Dataset content:
---+---

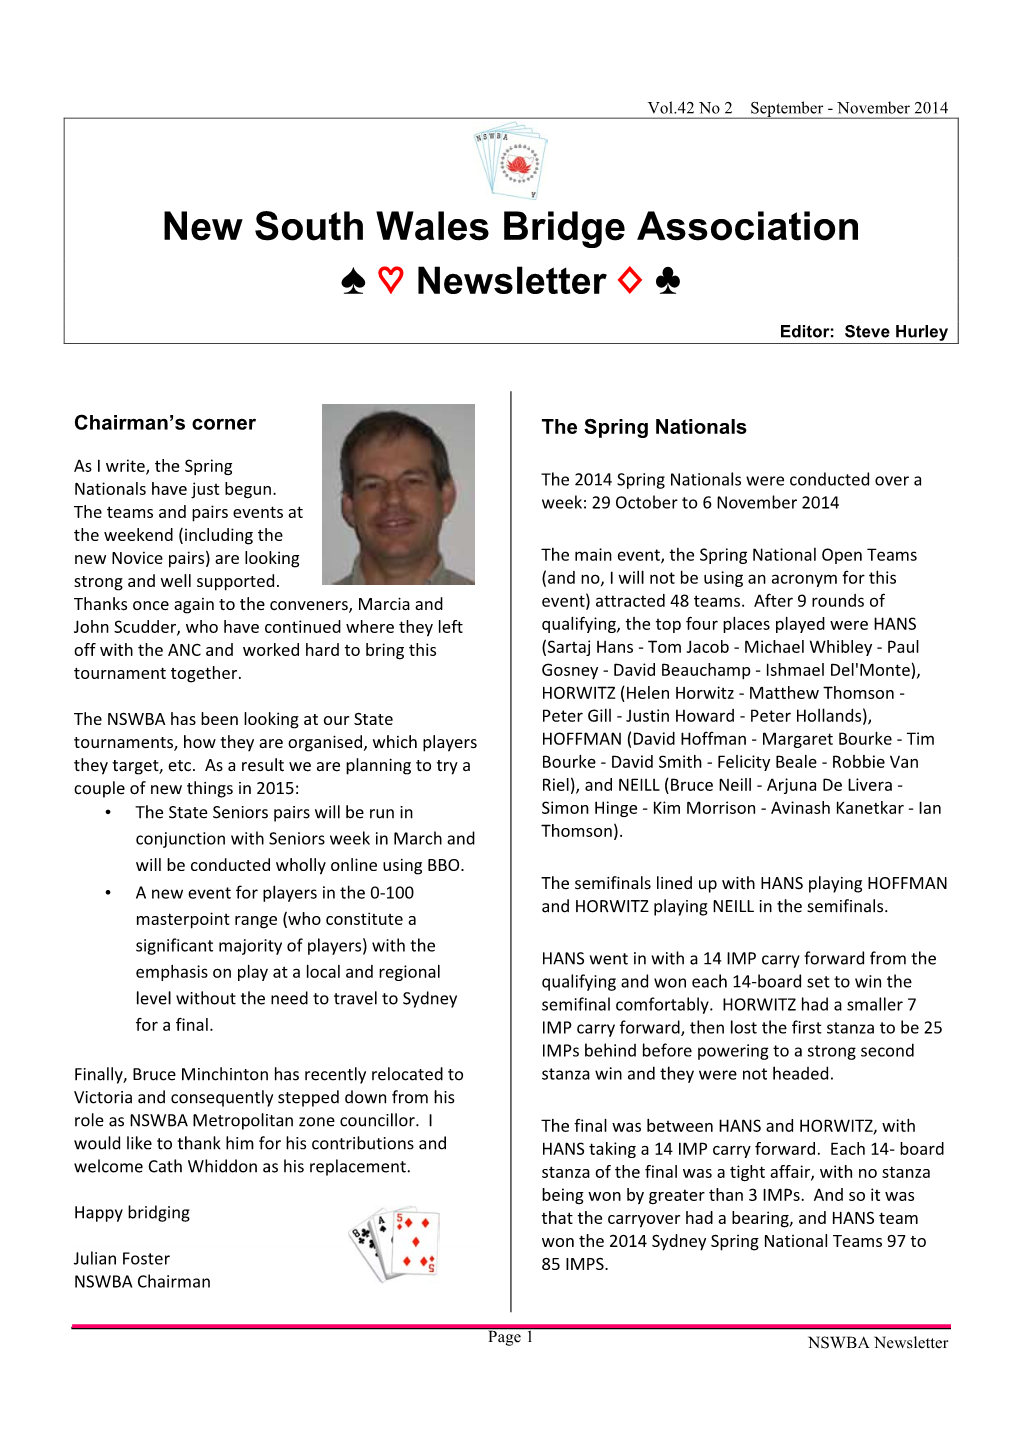 NSWBA Newsletter
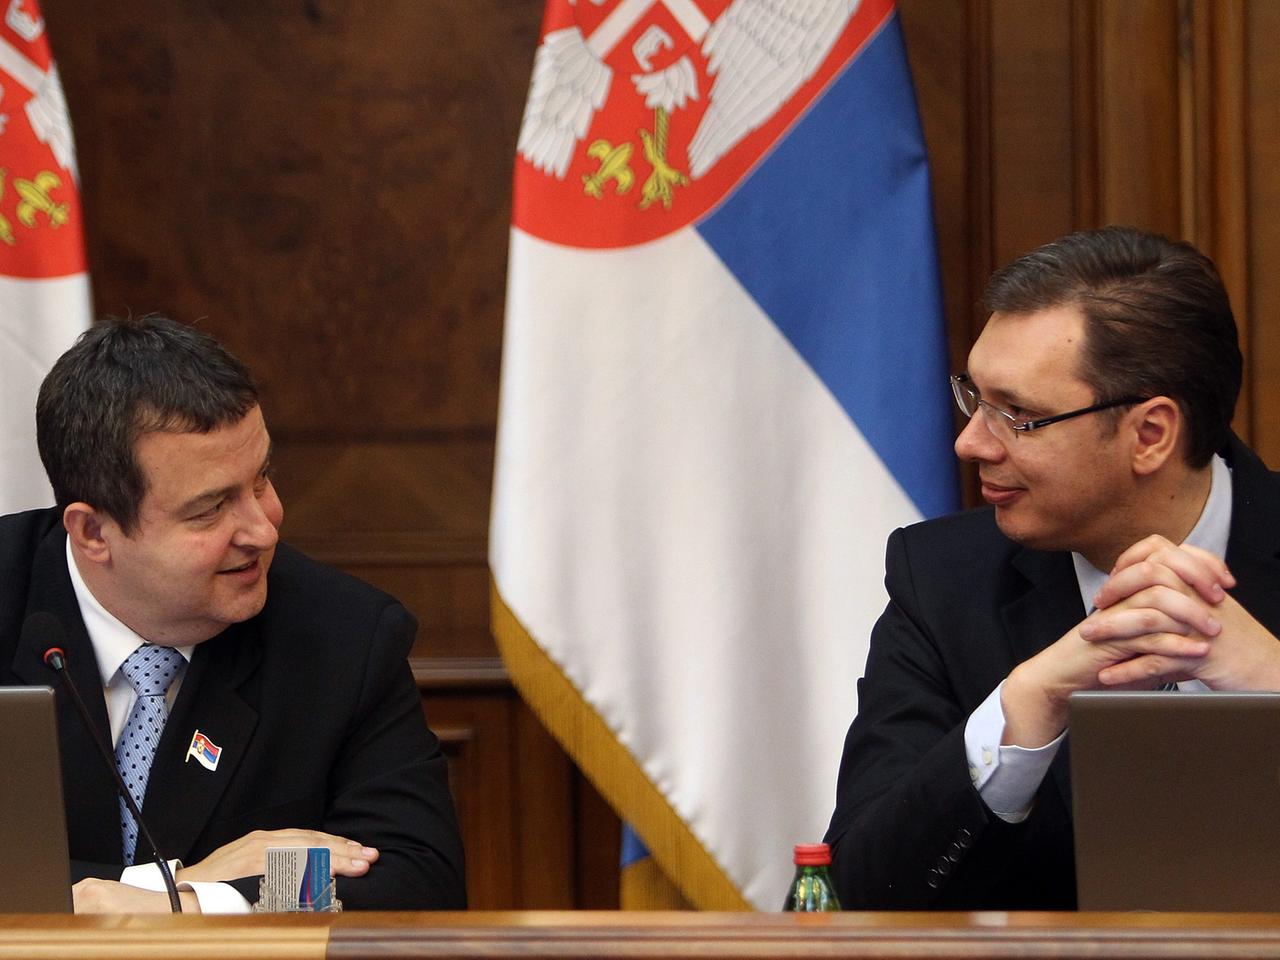 Ivica Dacic und Alexander Vucic sitzen an einem Tisch vor Laptops und unterhalten sich. Im Hintergrund vor einer branuen Holzwand hängen zwei serbische Flaggen in den Farben blau-weiß-rot.
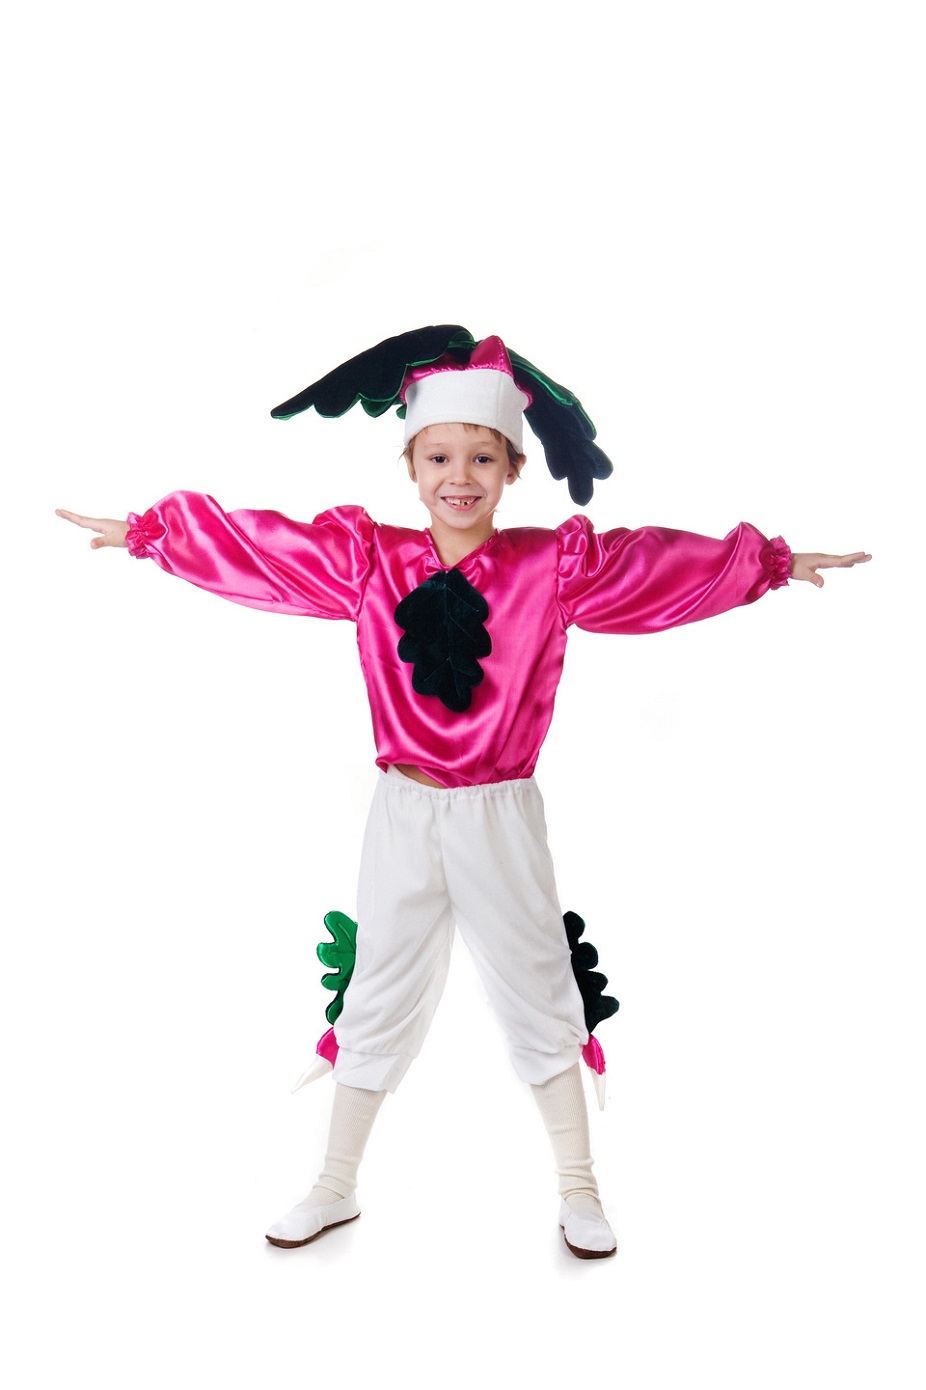 15 идей костюмов для детских праздников
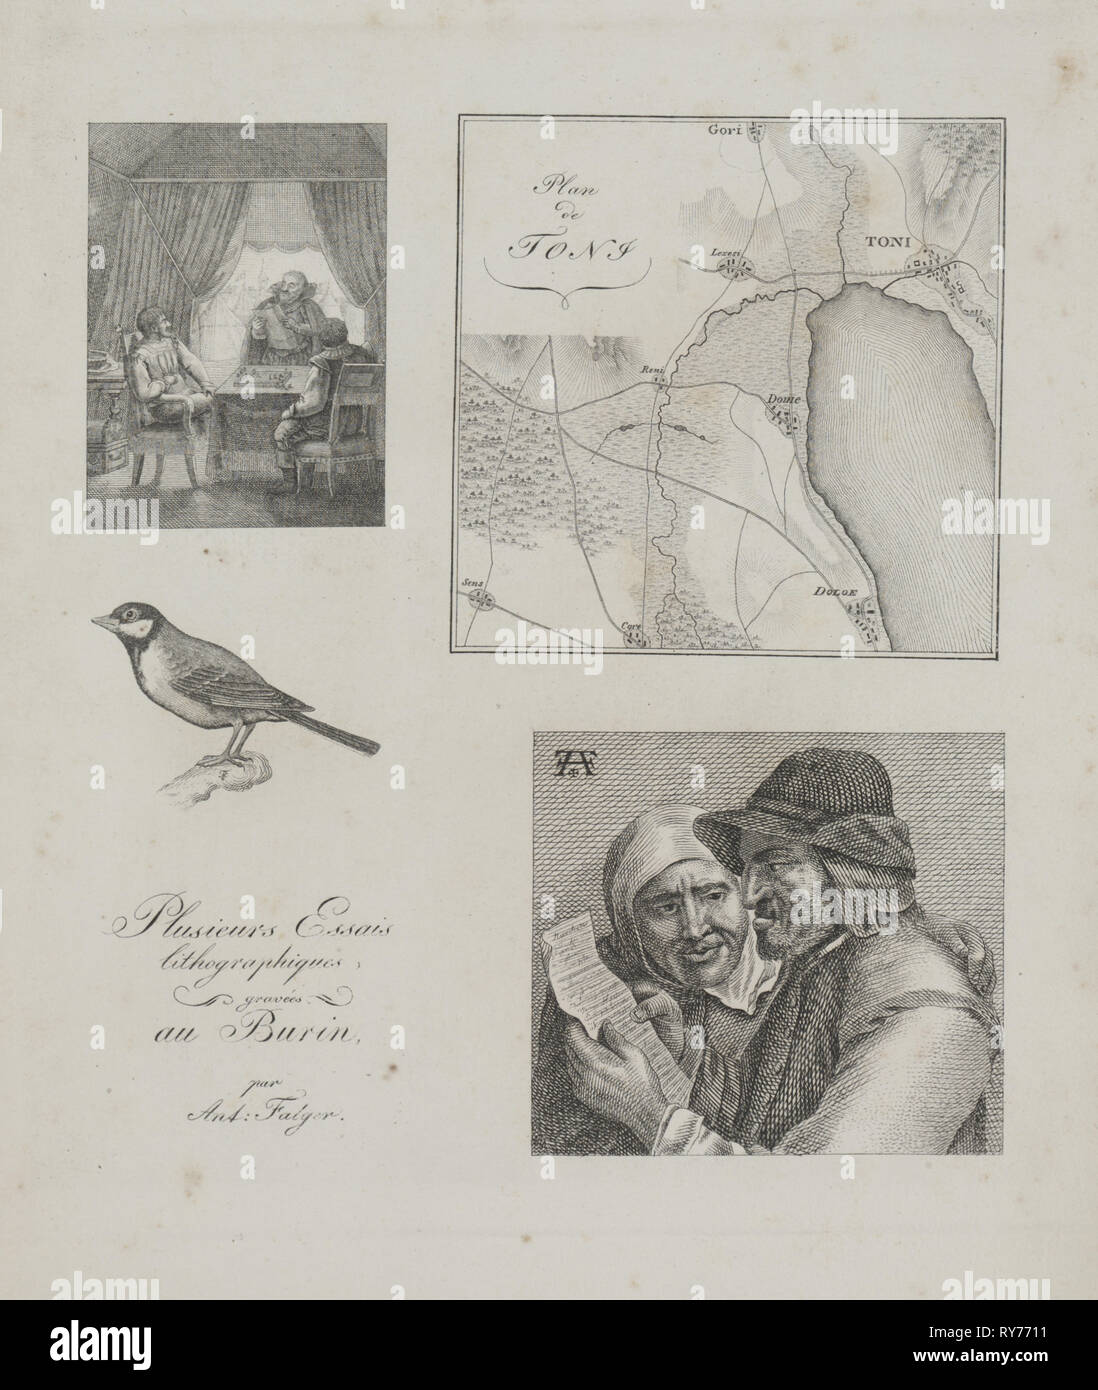 Art de la lithographie : Quatre exemples de gravure, la guerre tente, Plan de Toni, oiseau, agriculteur néerlandais et de la femme, 1819. Alois Senefelder (allemand, 1771-1834). Fiche technique : Lithographie ; 29,9 x 23,3 cm (11 3/4 x 9 3/16 in.) ; image : 19,8 x 17,5 cm (7 13/16 x 6 7/8 po Banque D'Images

---+---

Exercise: I would like the data copied exactly as it stands, with no pictures included.

Answer for this exercise:
 NSWBA Newsletter
 Ivica Dacic und Alexander Vucic sitzen an einem Tisch vor Laptops und unterhalten sich. Im Hintergrund vor einer branuen Holzwand hängen zwei serbische Flaggen in den Farben blau-weiß-rot.
 15 идей костюмов для детских праздников
 Art de la lithographie : Quatre exemples de gravure, la guerre tente, Plan de Toni, oiseau, agriculteur néerlandais et de la femme, 1819. Alois Senefelder (allemand, 1771-1834). Fiche technique : Lithographie ; 29,9 x 23,3 cm (11 3/4 x 9 3/16 in.) ; image : 19,8 x 17,5 cm (7 13/16 x 6 7/8 po Banque D'Images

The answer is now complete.